Temporal Variation Issues:

  • Antibody levels change over disease course

  • Different isotypes (IgG, IgM, IgA) appear at different timepoints

  • Solution: Collect serial samples and analyze isotype-specific responses over time

Cross-Reactivity Problems:

  • Sequence similarities between PR3, elastase, and other serine proteases

  • Solution: Include appropriate controls and use highly specific detection methods

Antibody Affinity Considerations:

  • Low-affinity antibodies may be missed in some assay formats

  • Solution: Use multiple assay conditions and include kinetic measurements

Reproducibility Challenges:

  • Variable results between laboratories using similar methods

  • Solution: Implement standardized protocols and participate in quality assessment programs

How will advanced single-cell technologies impact the future of PR3 antibody research?

Advanced single-cell technologies are poised to revolutionize PR3 antibody research in several ways:

Single-Cell Sequencing Applications:

  • Full characterization of B cell receptors at single-cell resolution

  • Paired heavy and light chain sequencing to preserve natural combinations

  • Analysis of clonal evolution during disease progression

  • Identification of somatic hypermutations in PR3-specific B cells

High-Throughput Cloning Methods:

  • Selective PCR approaches for retrieving antibodies from single cells

  • SPAR (Selective Primer-based Amplification and Retrieval) technology for efficient cloning

  • Rapid production of recombinant antibodies from identified sequences

Emerging Research Opportunities:

  • Comprehensive mapping of PR3 epitopes using patient-derived antibodies

  • Correlation of specific antibody sequences with disease phenotypes

  • Development of more specific diagnostic and monitoring tools

  • Identification of therapeutic targets within the B cell lineage

This high-throughput approach to antibody discovery has already demonstrated success in other fields such as developing neutralizing antibodies against SARS-CoV-2, where researchers isolated 93 potent RBD-ACE2 blocking monoclonal antibodies using similar techniques .

What methodological advances are emerging for studying PR3 antibodies in autoimmune disease research?
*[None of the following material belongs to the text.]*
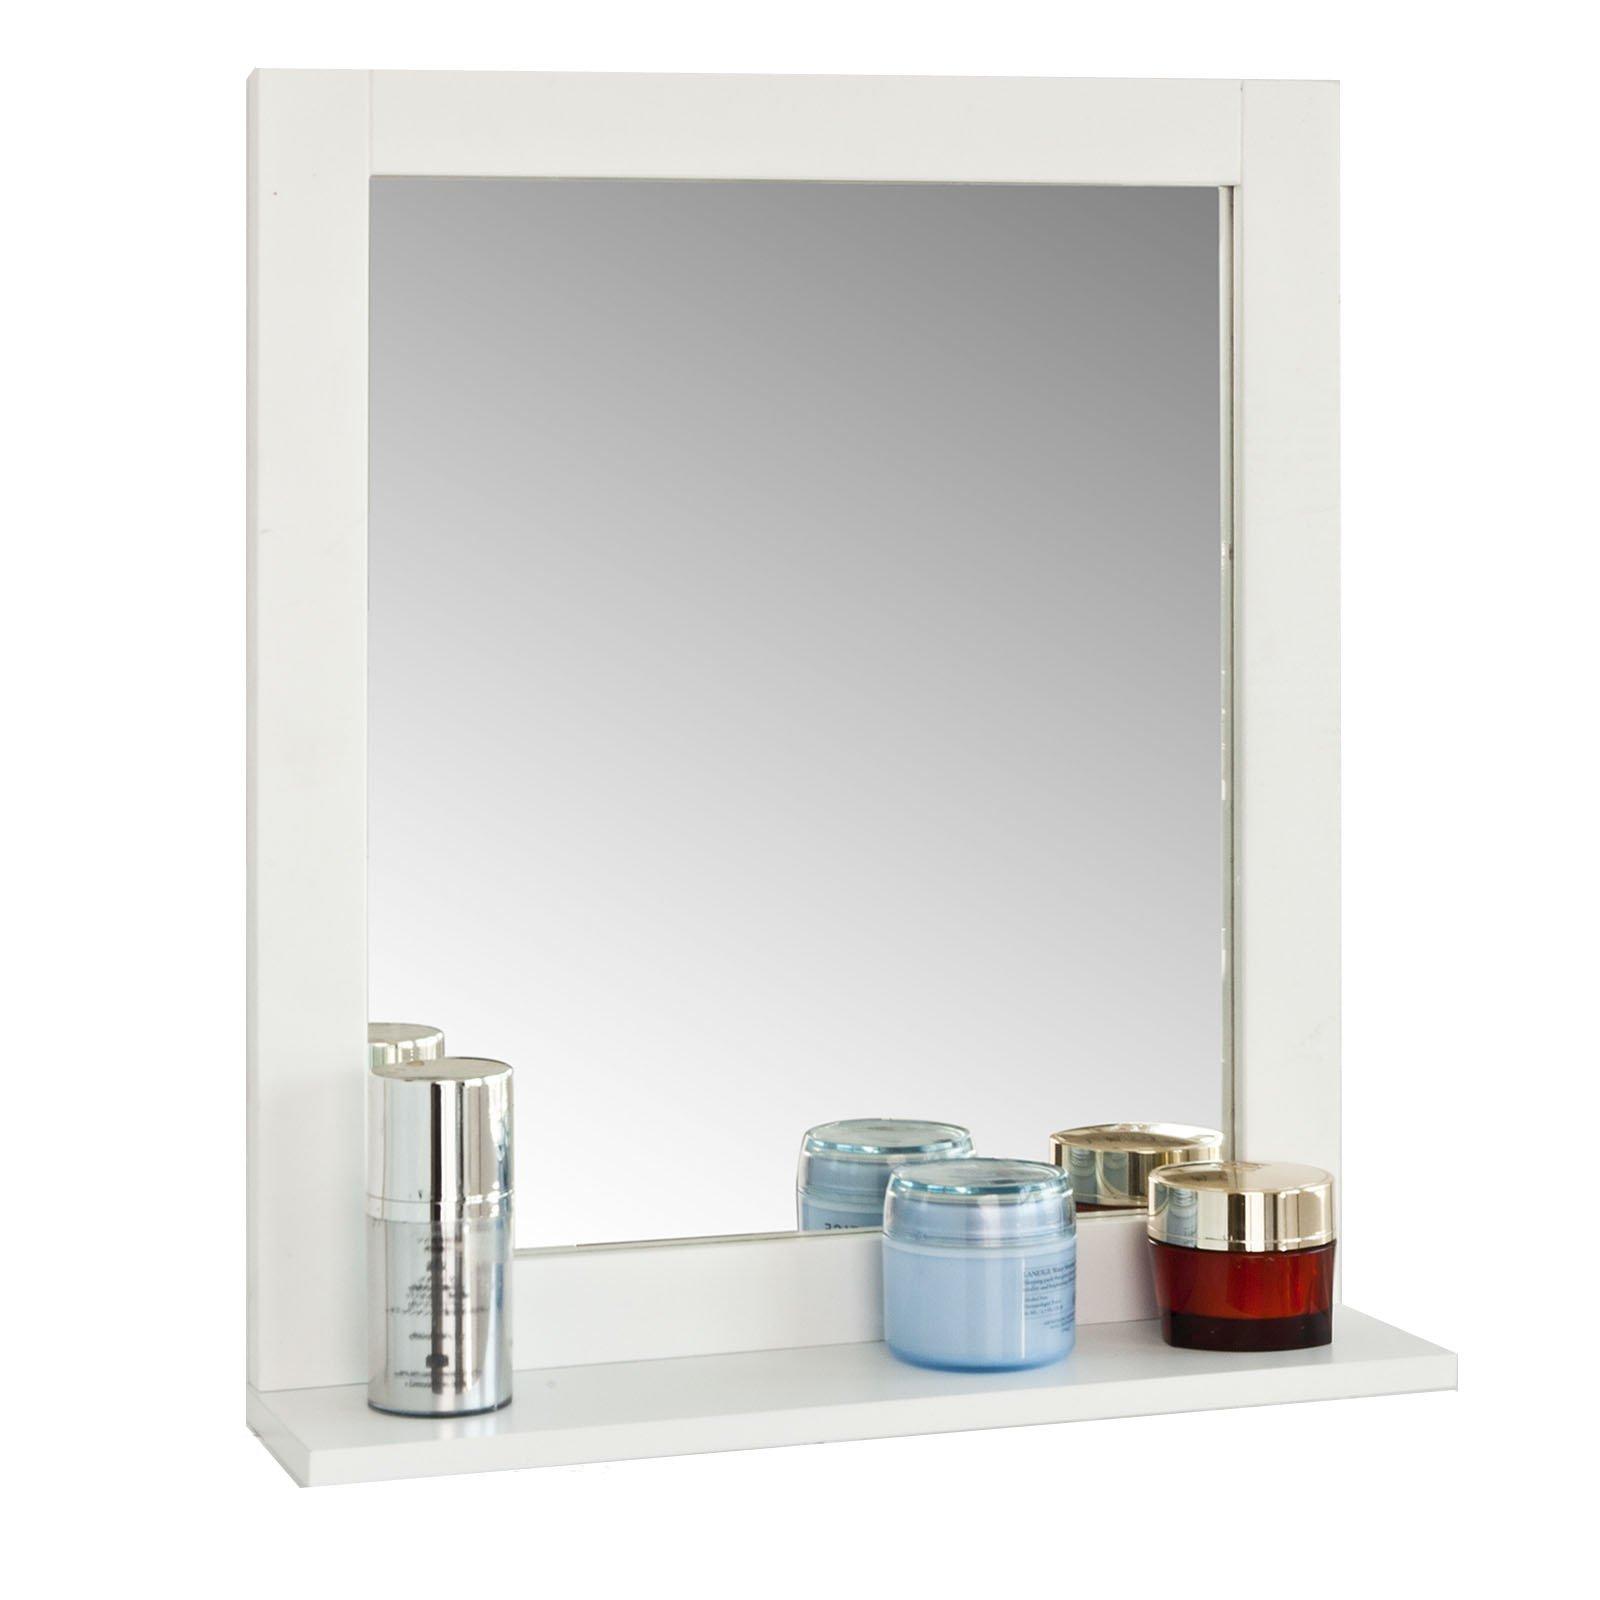 Haotian Wall Mounted Bathroom Mirror with Shelf, 40 x 49 x 10cm,FRG129-W,White

Several methodological advances are transforming PR3 antibody research:

Structural Biology Approaches:

  • Cryo-EM and X-ray crystallography to determine precise epitope binding

  • Hydrogen-deuterium exchange mass spectrometry for epitope mapping

  • Molecular dynamics simulations to predict antibody-antigen interactions

Functional Assays:

  • Development of standardized neutrophil activation assays

  • High-throughput screening for antibody-mediated effects

  • Reporter cell lines for measuring PR3-antibody functional outcomes

AI and Computational Methods:

  • Machine learning algorithms to predict pathogenic epitopes

  • Computational modeling of antibody-antigen interactions

  • Analysis of B cell receptor repertoire data sets

Therapeutic Development Platforms:

  • Humanized mouse models for testing therapeutic approaches

  • Chimeric antigen receptor T cells targeting autoreactive B cells

  • Engineered competitive decoy antigens to neutralize circulating antibodies

These methodological advances will likely lead to more precise diagnostic tools and targeted therapeutic approaches for PR3-ANCA associated diseases in the coming years.